## Task requirements
Without the images, reproduce each line of the material exactly.

## Dataset section

[Start of Attachment]

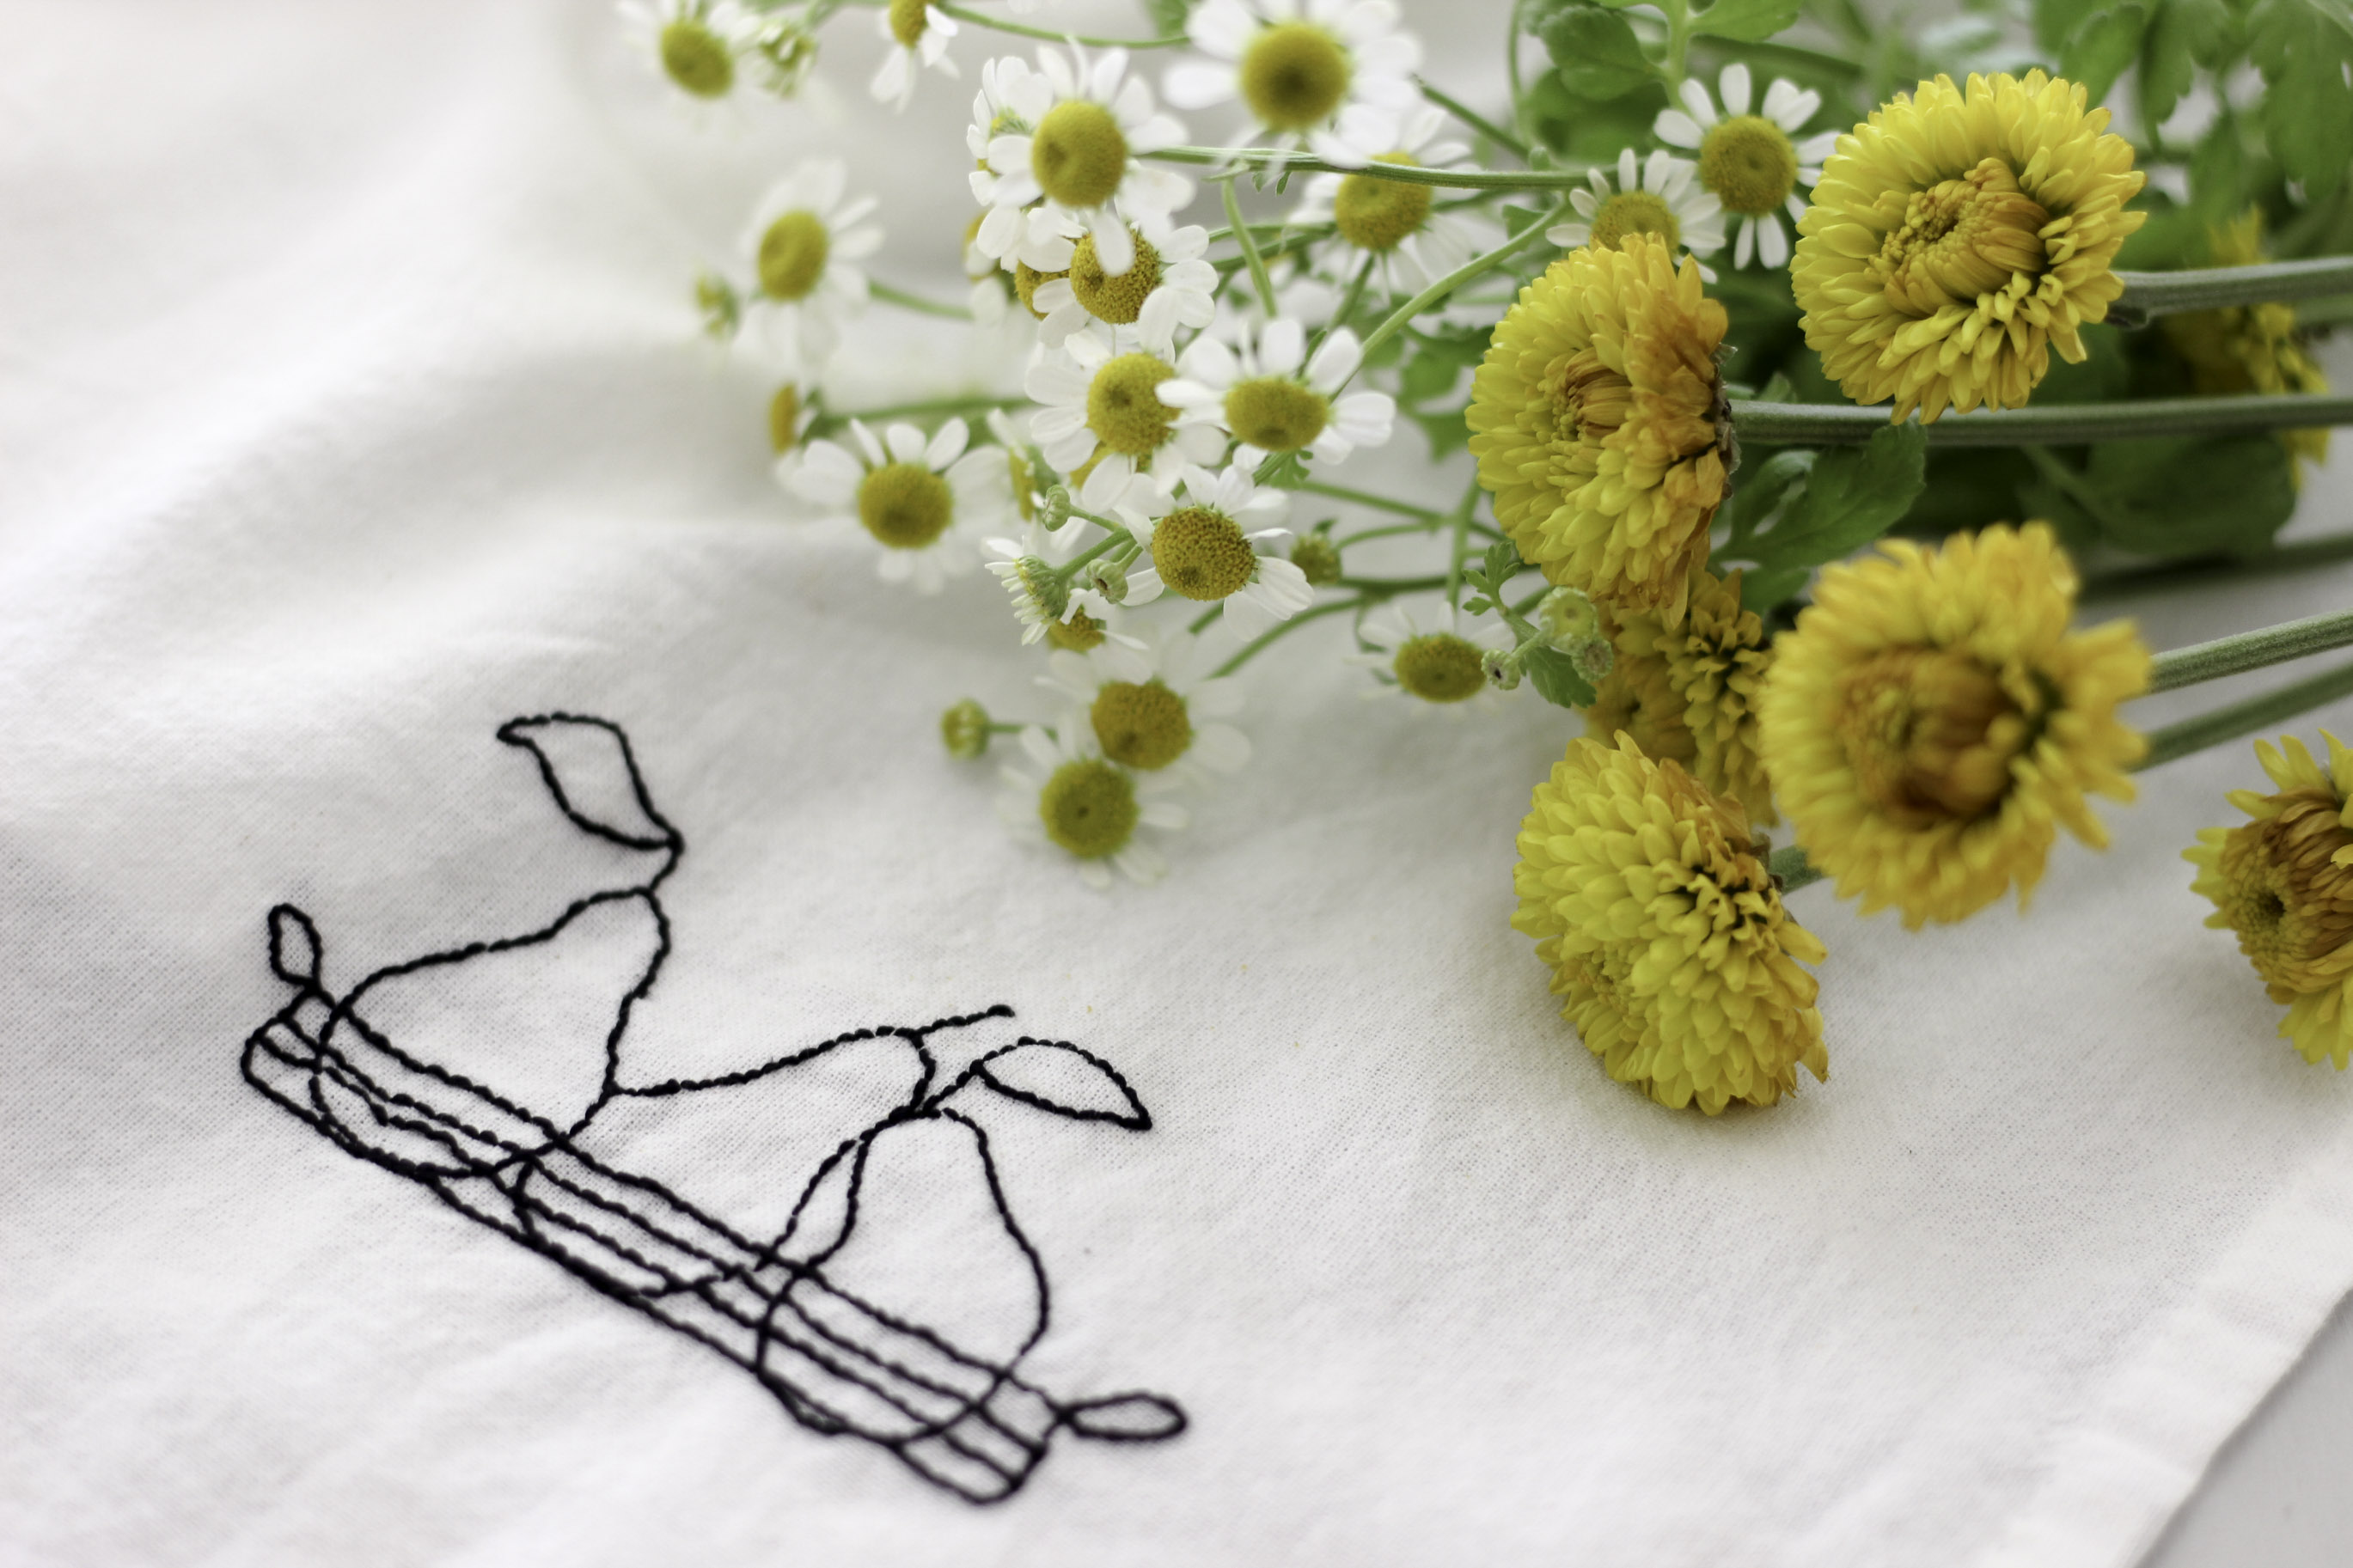 Embroidered tea towels with Aurifloss.
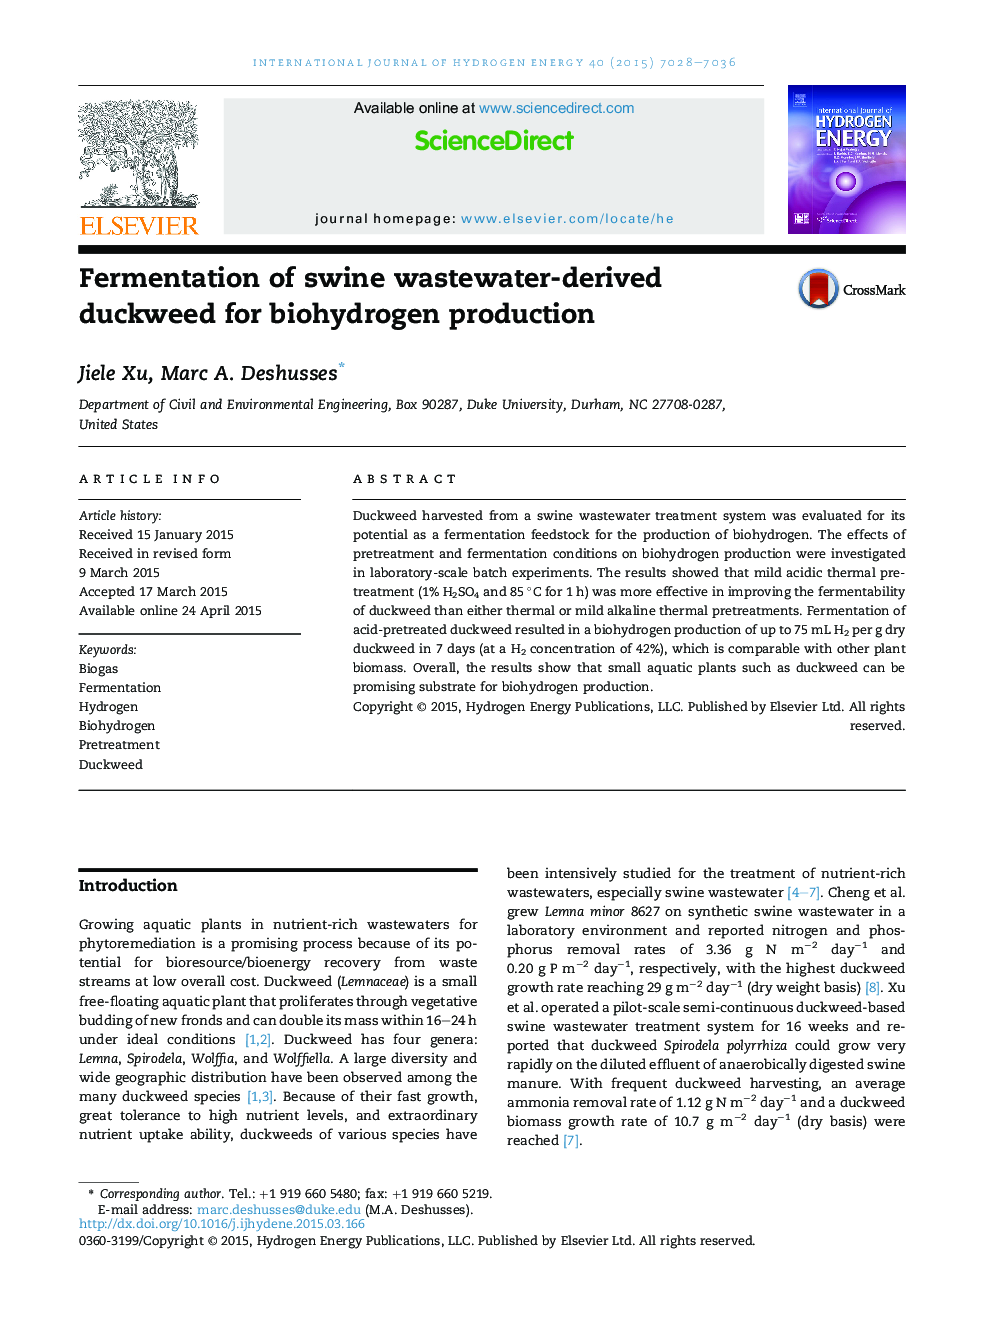 Fermentation of swine wastewater-derived duckweed for biohydrogen production
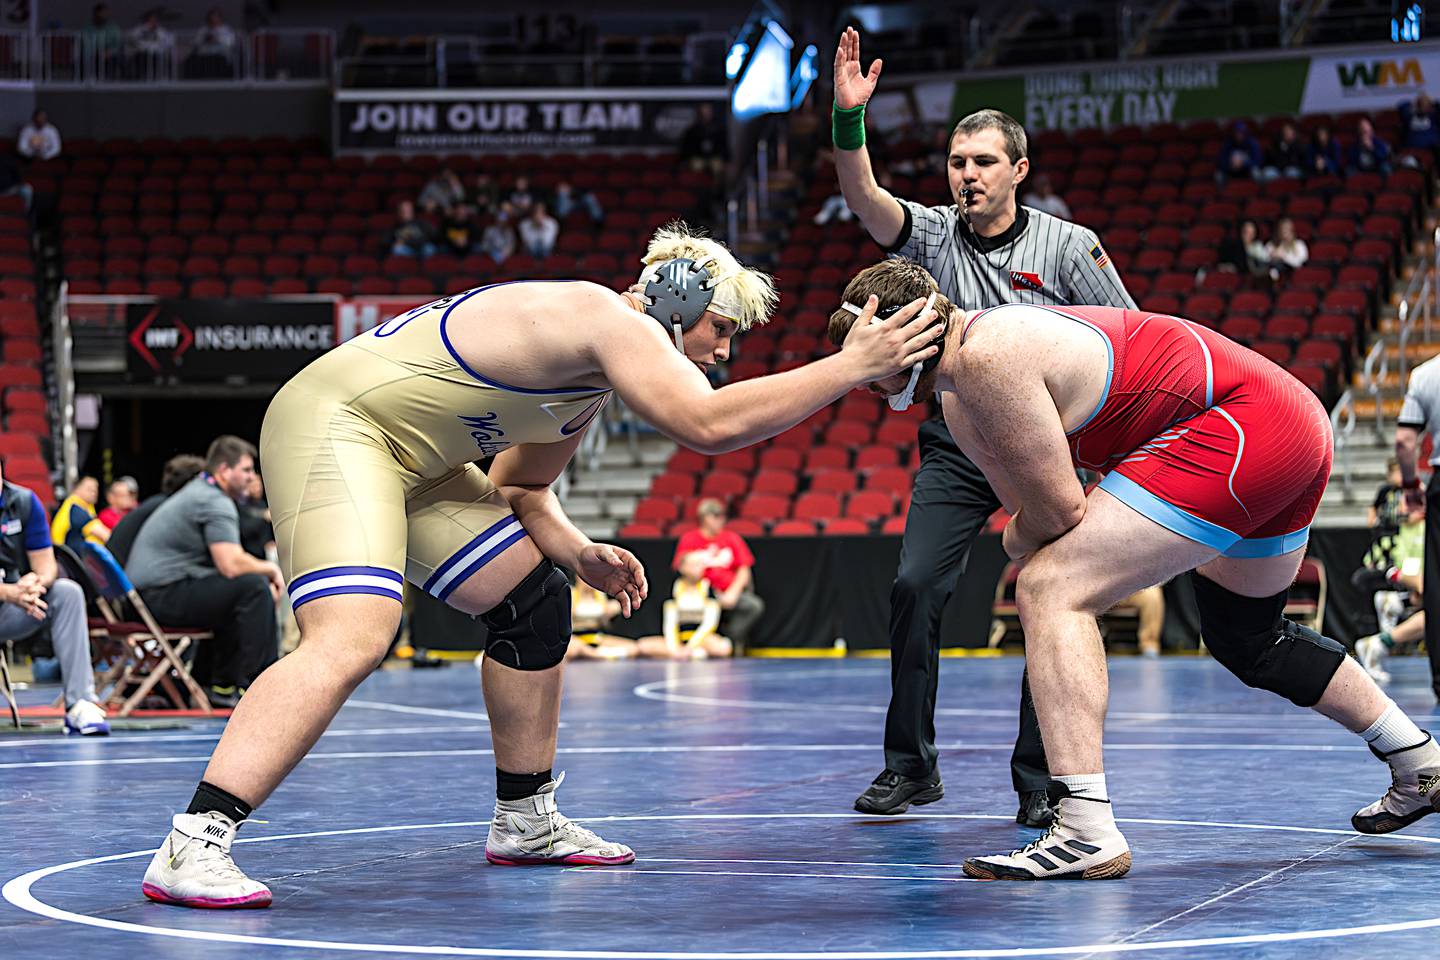 NV/OM heavyweight Trent Warner looks for his next shot against Cody Fox of East Buchanan in the bronze medal match at the state tournament.
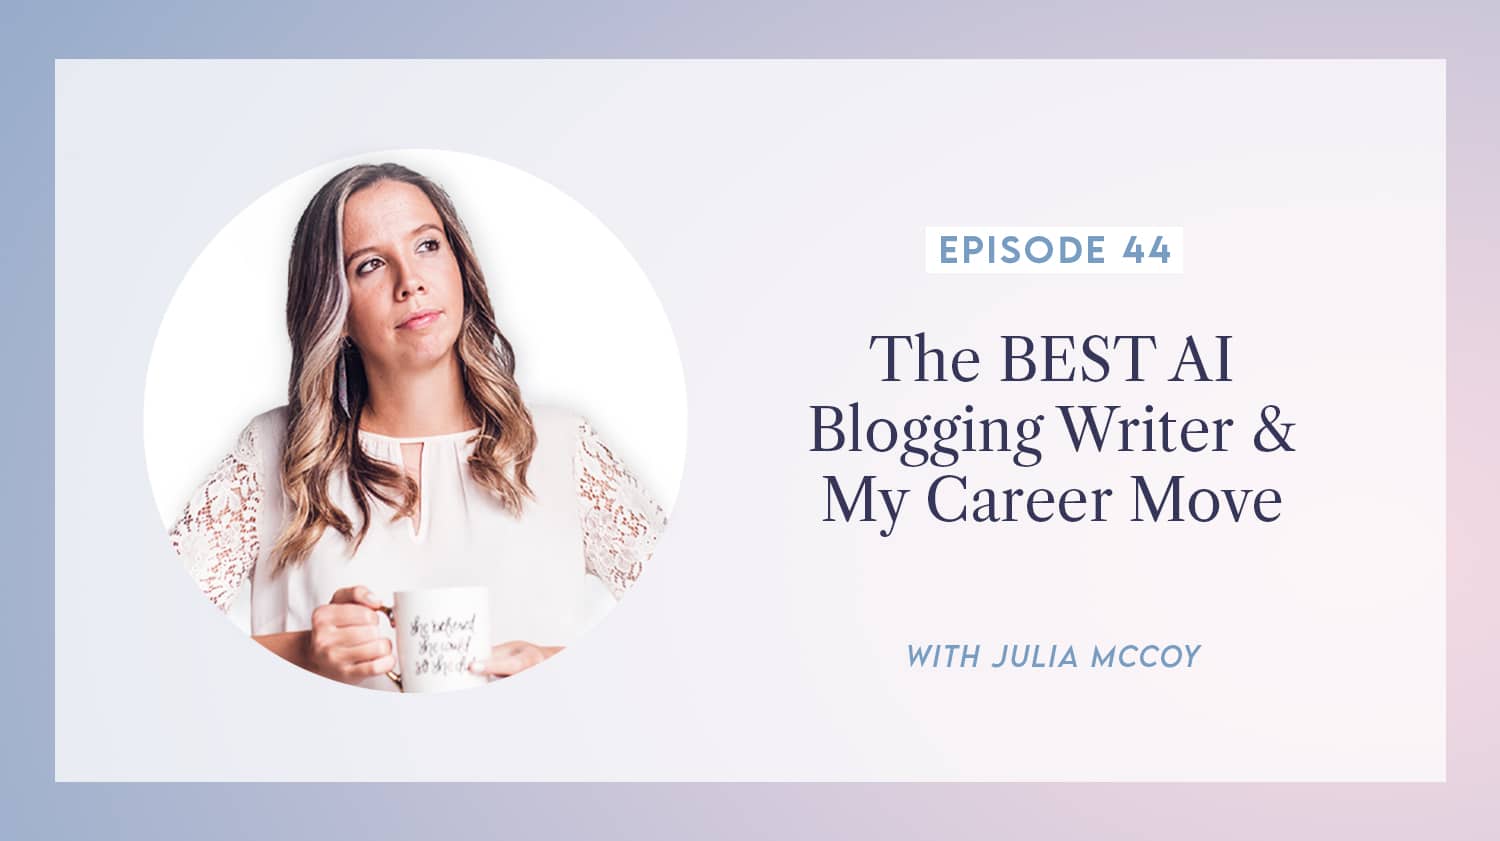 content transformation podcast with julia mccoy episode 44 the bes AI blogging writer & my career move

[End of Attachment]

## Output for this exercise
 Embroidered tea towels with Aurifloss.
 Fermentation of swine wastewater-derived duckweed for biohydrogen production
 NV/OM heavyweight Trent Warner looks for his next shot against Cody Fox of East Buchanan in the bronze medal match at the state tournament.
 content transformation podcast with julia mccoy episode 44 the bes AI blogging writer & my career move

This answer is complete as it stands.